A state appeals court has upheld a 2017 Southampton Village Zoning Board of Appeals decision to grant area variances for a three-lot subdivision at 550 and 554 Hill Street.
Hill Street neighbor Eric Ruttenberg, along with other neighbors, had petitioned the Suffolk County Supreme Court to overturn the ZBA’s decision, but the court dismissed the petition in 2020. Ruttenberg then appealed the dismissal to the State Supreme Court Appellate Division, and the case was argued this January and decided on July 26.
The court found that, “contrary to the petitioners’ contention, the ZBA’s determination … was not arbitrary and capricious, irrational, or an abuse of discretion.”
Despite this victory for the ZBA, the three-lot subdivision is, at present, not moving forward. The Village Planning Board, in a 3-1 decision, voted down the subdivision plan in June; the owner of the 2.8 acres, former ZBA member James Zuhusky, has initiated a lawsuit seeking to overturn the Planning Board’s decision.

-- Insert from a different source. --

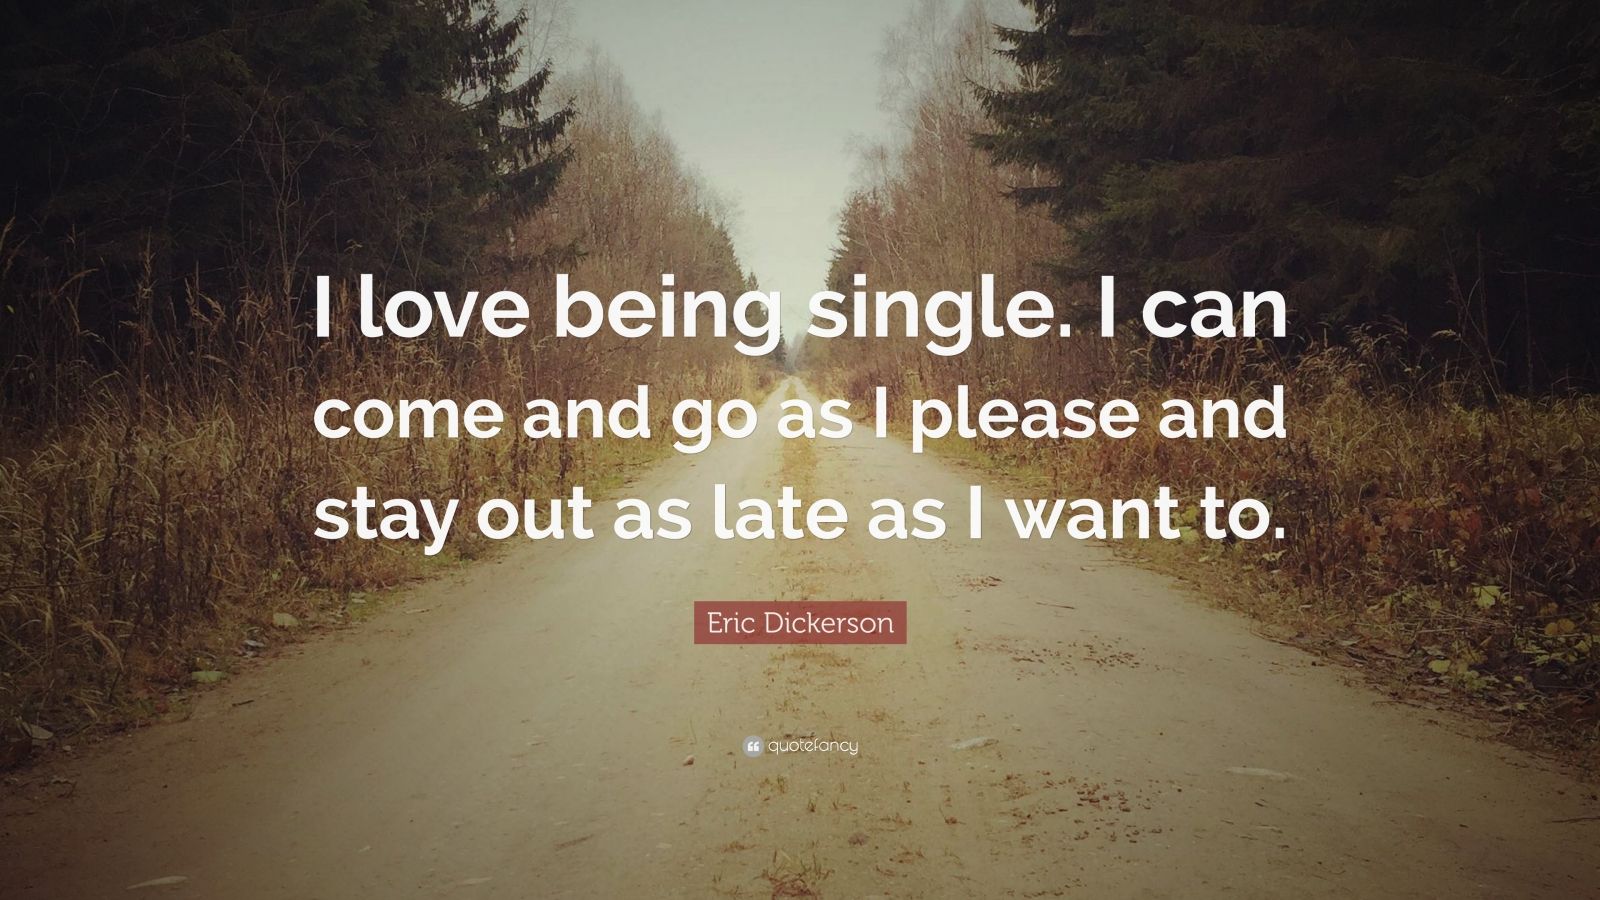 Eric Dickerson Quote: "I love being single. I can come and ...
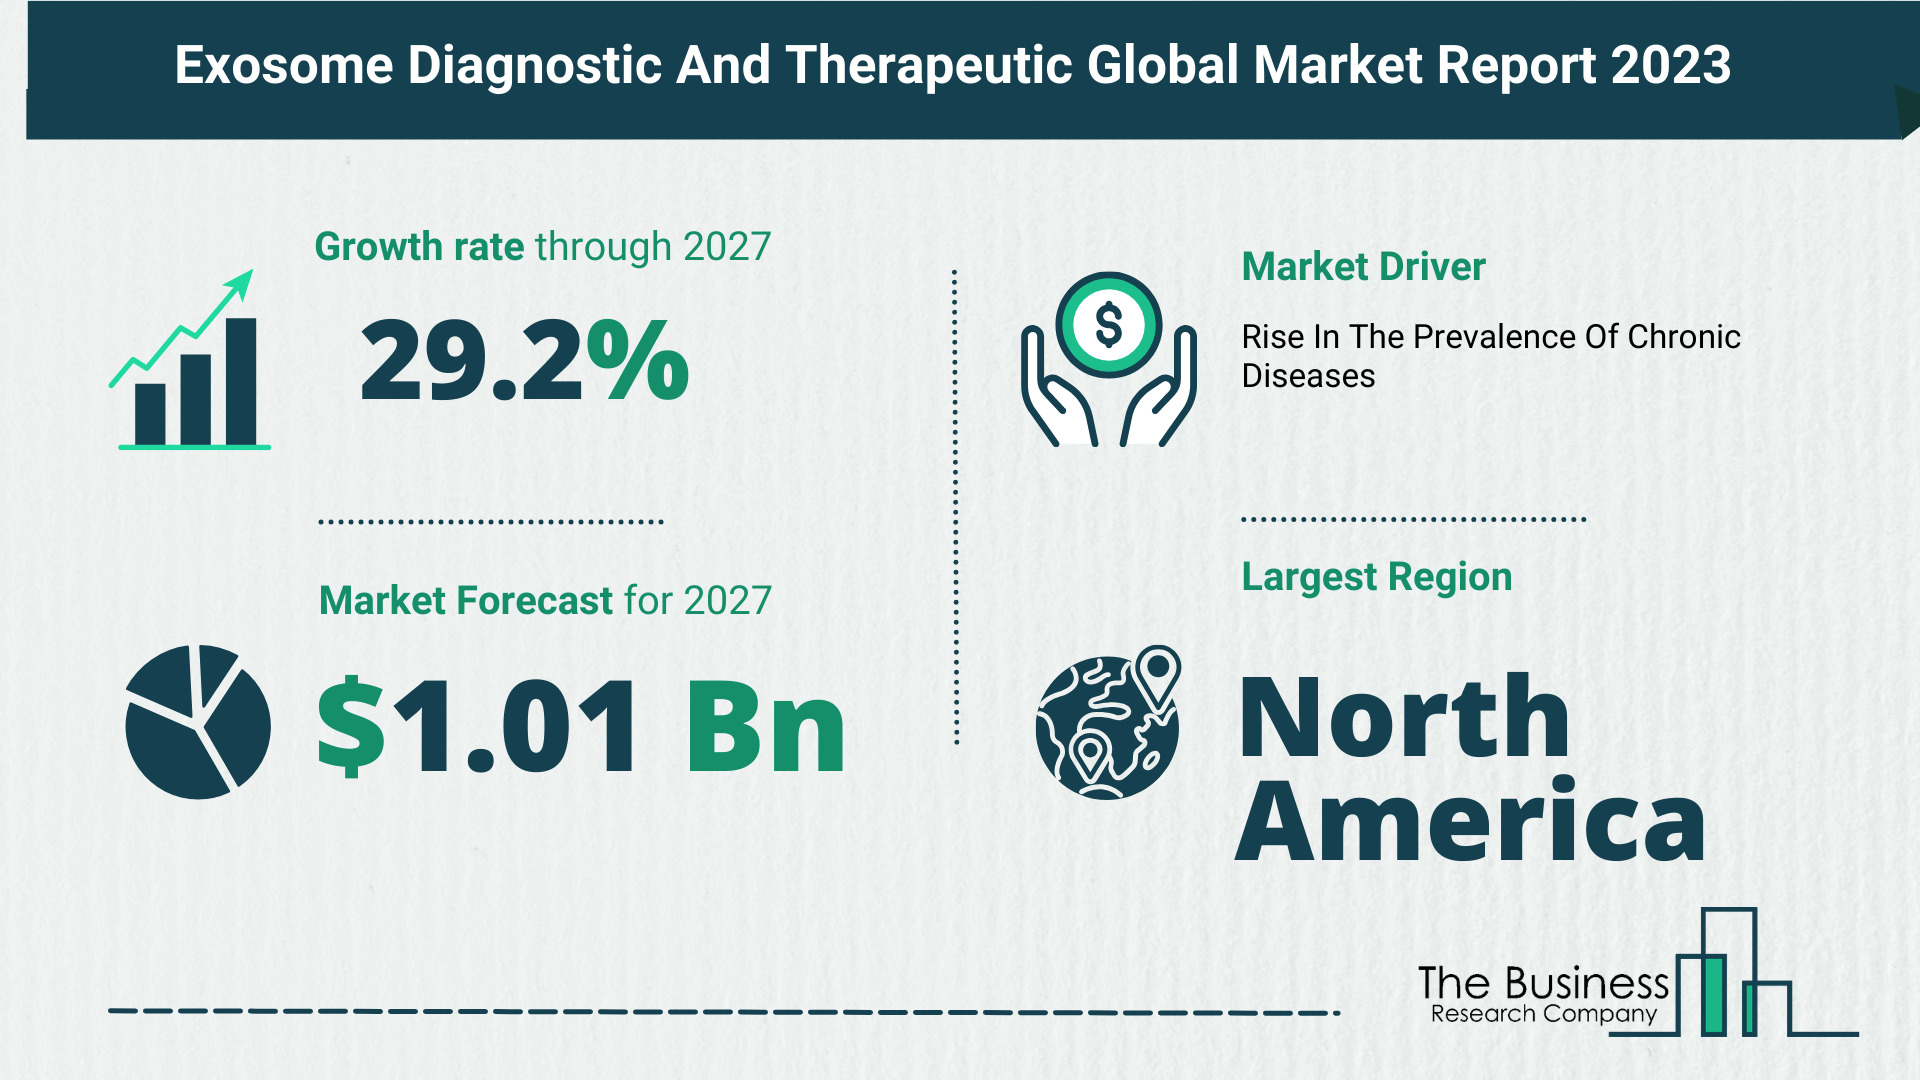 Key Insights On The Exosome Diagnostic And Therapeutic Market 2023 – Size, Driver, And Major Players

The Appellate Division decision notes that the two parcels include two single-family houses and a warehouse used by moving and storage companies. “Storage and warehouse use is not a permitted use in the residential zoning districts at issue, but because the property had been used in this fashion since prior to the enactment of the zoning code, it was legal as a prior nonconforming use,” the decision continues.
In 2012, Zuhusky asked the ZBA — he was a member of the board at the time — to approve variances for a four-lot residential subdivision, but he later reduced the request to three lots to assuage the Planning Board’s concerns. The ZBA approved a number of variances in 2017, but rejected plans for accessory guest houses on two of the three lots.
John Bennett, the attorney who represented Zuhusky in the case, said that the fact that the Appellate Division upheld the ZBA’s decision is “more proof of how inappropriate that Planning Board denial is.”